(Task directions): Should the listing contain images, exclude them; give the rest again exactly.

*** Opening of Data segment ***

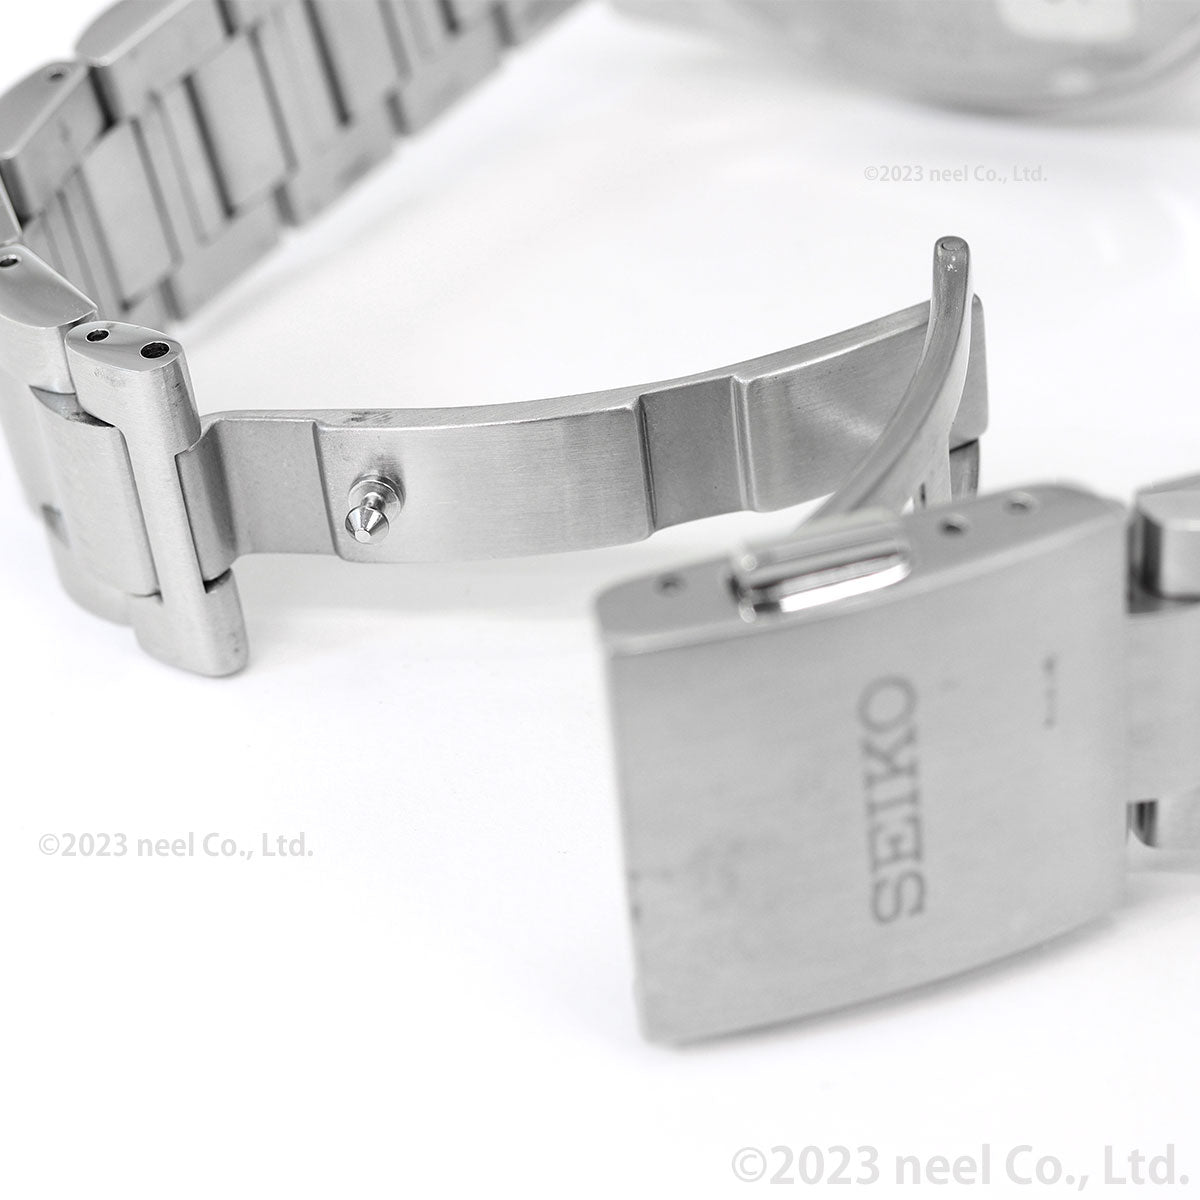 セイコー プロスペックス SBDL095 SPEEDTIMER スピードタイマー ソーラー クロノグラフ メンズ 腕時計 パンダ 日本製 SEIKO PROSPEX
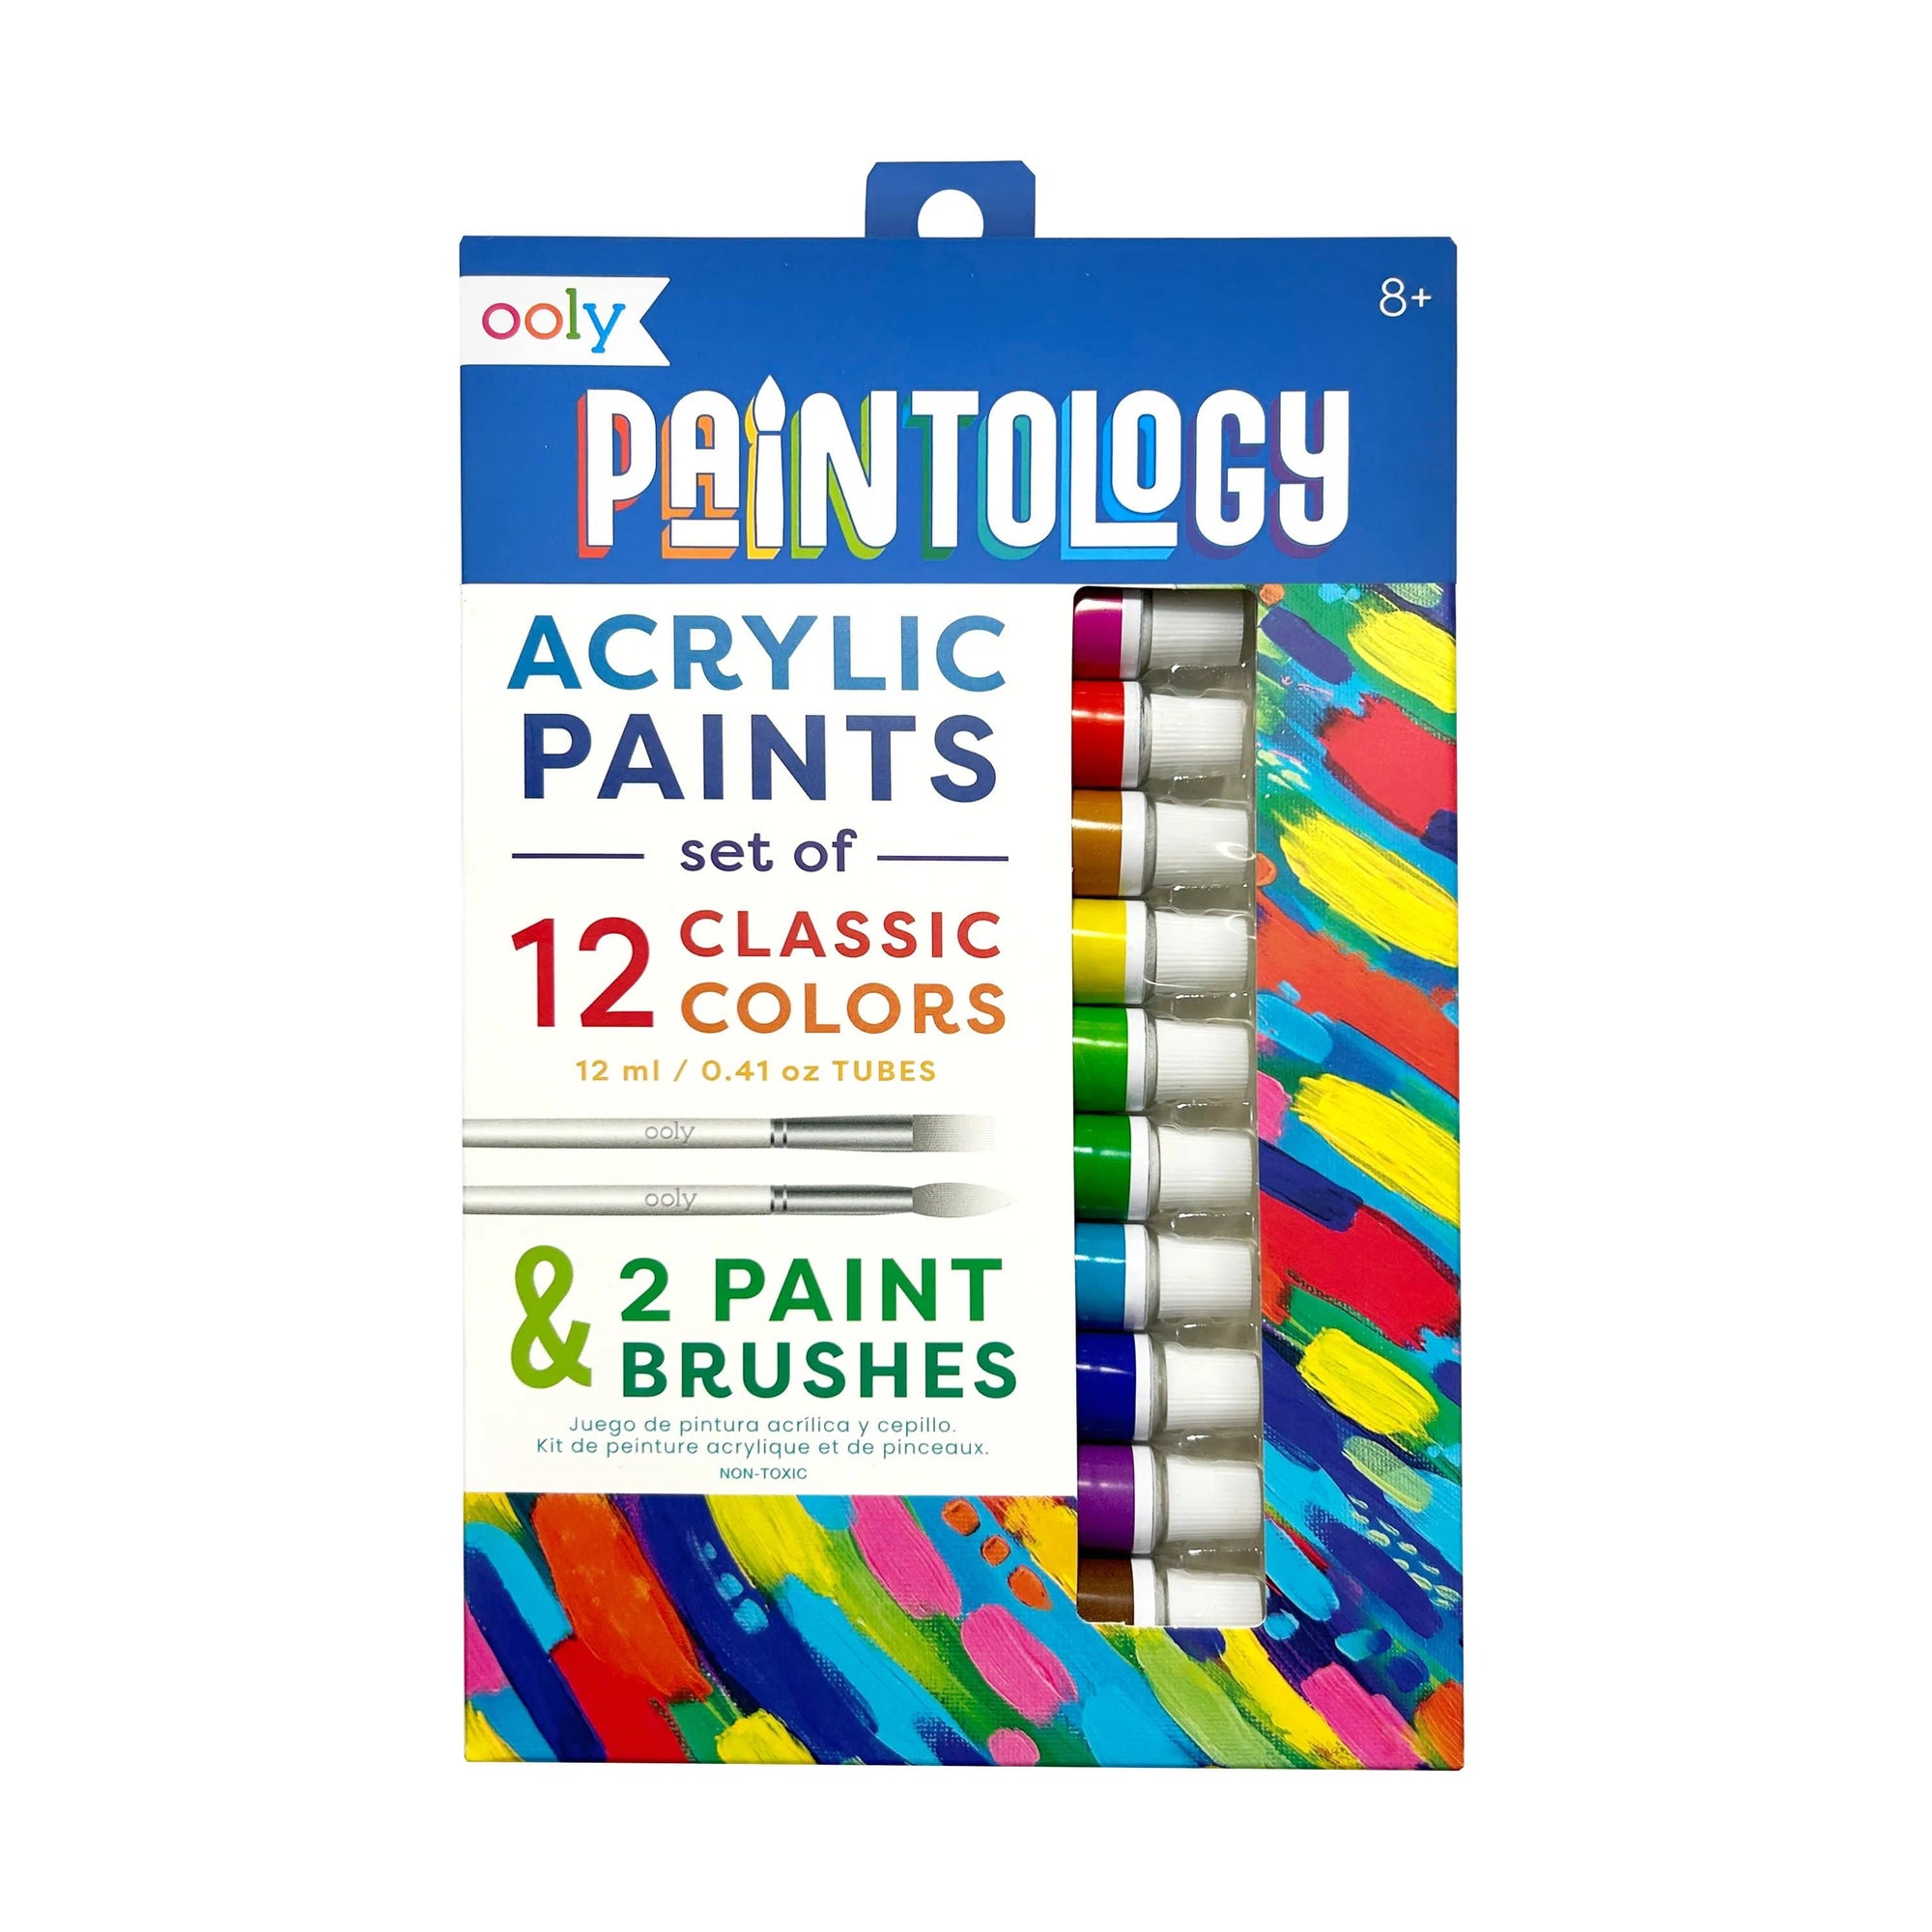 Paintology Acrylic Paints + 2 Brushes - Classic Colors
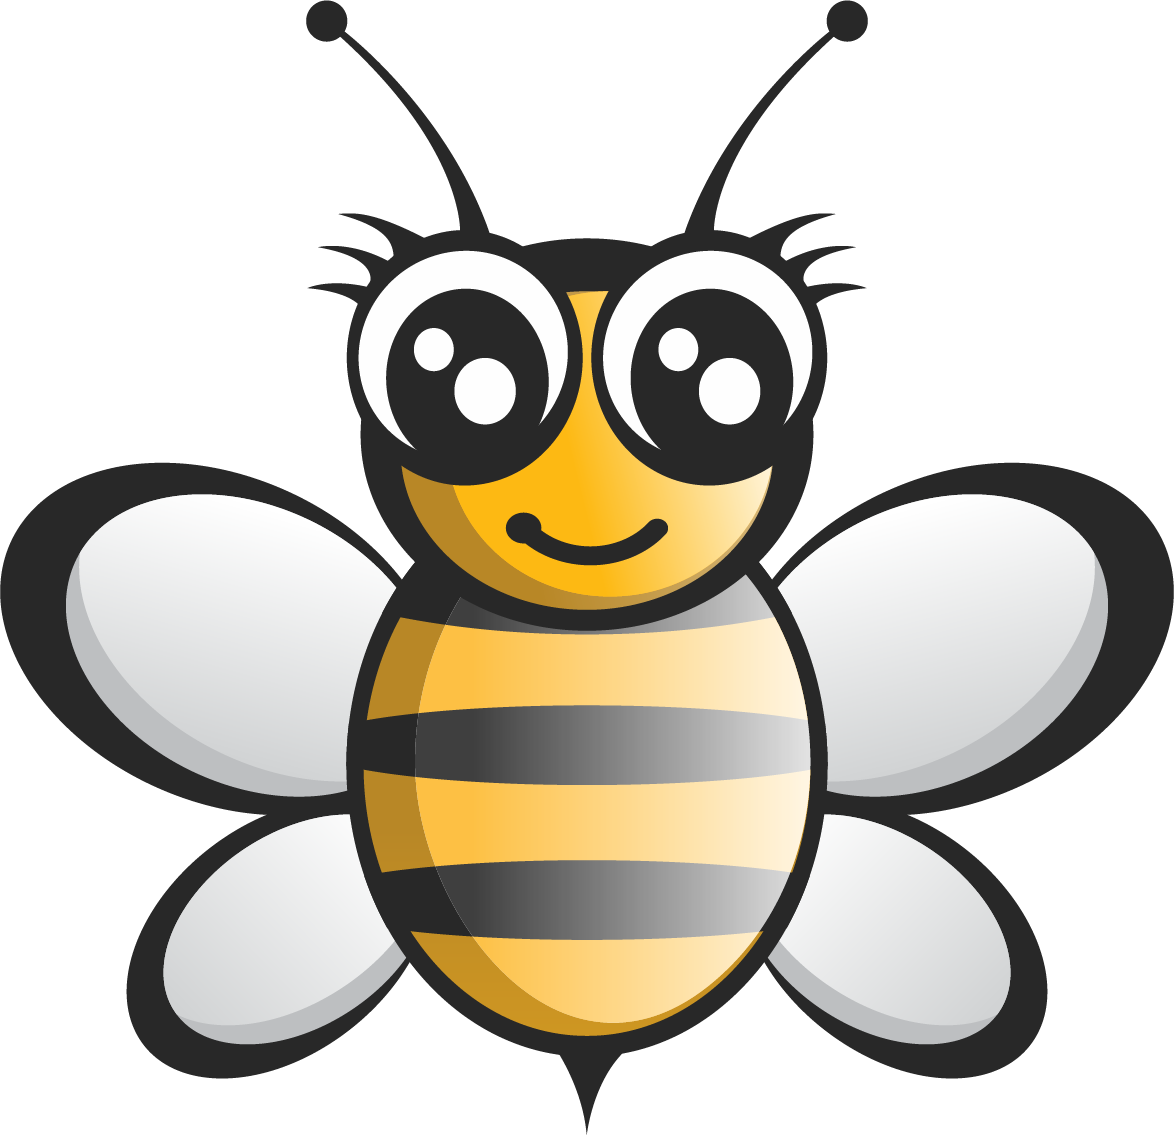 Bee Logo Cdr - Bee Logo Cdr (1174x1135)

*** Close of Data segment ***

(Task output):
 セイコー プロスペックス SBDL095 SPEEDTIMER スピードタイマー ソーラー クロノグラフ メンズ 腕時計 パンダ 日本製 SEIKO PROSPEX
 Paintology Acrylic Paints + 2 Brushes - Classic Colors
 Bee Logo Cdr - Bee Logo Cdr (1174x1135)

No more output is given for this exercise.